The schema is a collection of RDFS classes and RDF properties. The class spedia:Entry only has a single subclass spedia:QueryEntry, but we may want to add additional types of entries later, such as discussion threads or votes. The schema is stored in a file spedia.owl in our Eclipse workspace.

Next we create a persistent database that will contain the submitted instances. For the simplicity, we use the Sesame 2 native Java back-end in TopBraid, but we could have also used any of the other database types supported by TopBraid, including AllegroGraph and Oracle. Our Sesame database imports the spedia.owl from above and its files will be also stored in the workspace. We give it the base URI, so that we access it later as a named graph from our SPARQLMotion scripts.

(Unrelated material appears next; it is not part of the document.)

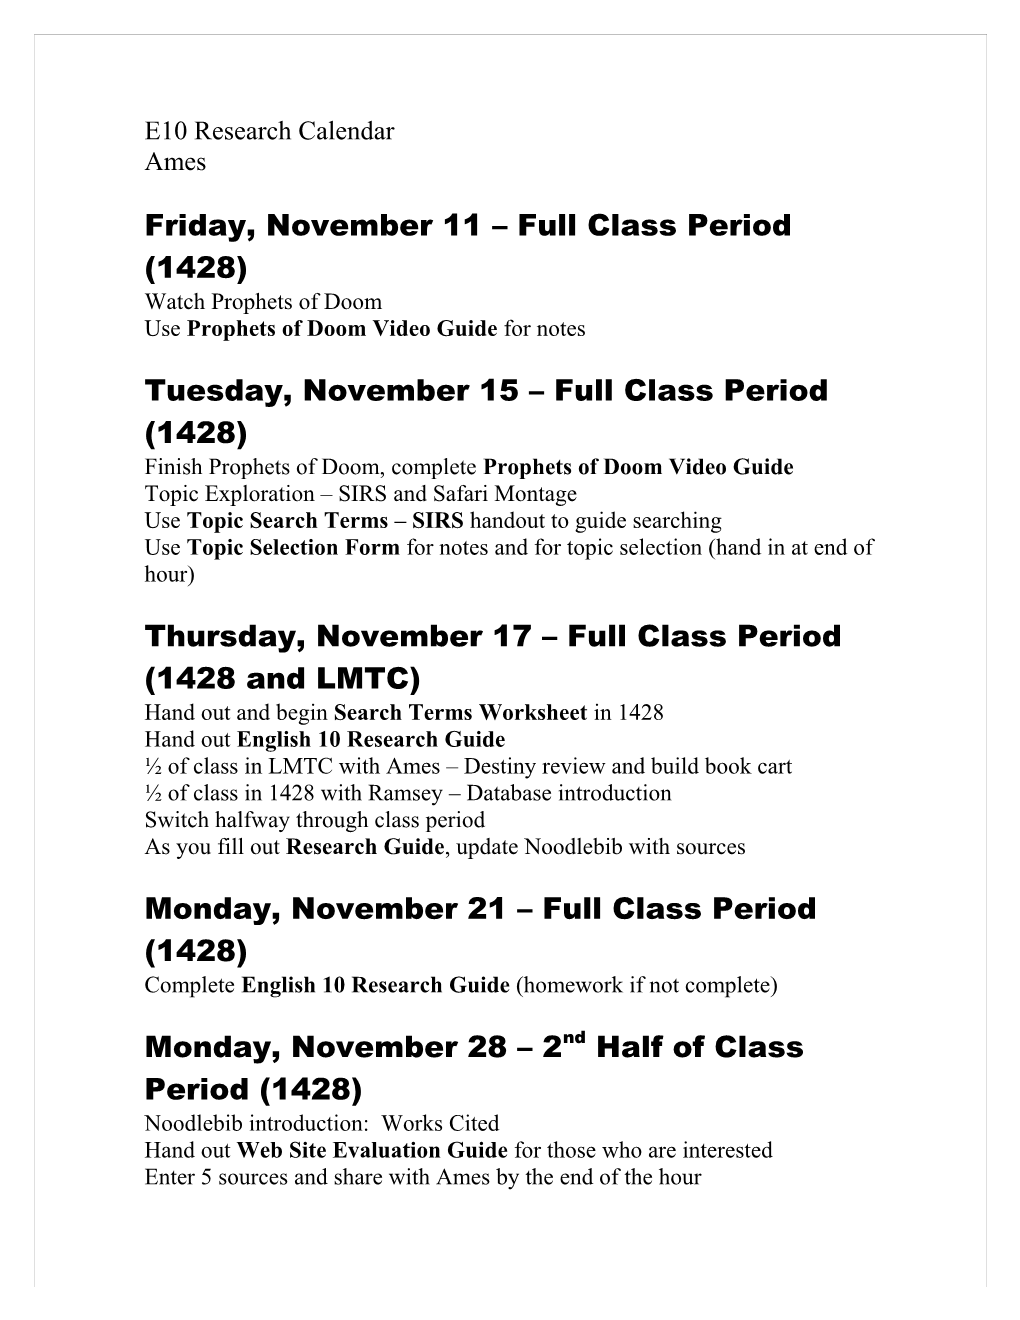 Friday, November 11 Full Class Period (1428)

Setting up the SPARQLMotion scripts

SPARQLMotion is a visual semantic web scripting language that can be used to build data processing pipelines through a graphical user interface. Typical SPARQLMotion scripts take some input, do some processing and then create some output. TopBraid Composer 3, Maestro Edition is used to build SPARQLMotion scripts, so everything we do (from schema definition and database maintenance to the implementation of the services) is done within a single uniform environment. Let's have a look at an example script, the outline of which is shown in the following screenshot.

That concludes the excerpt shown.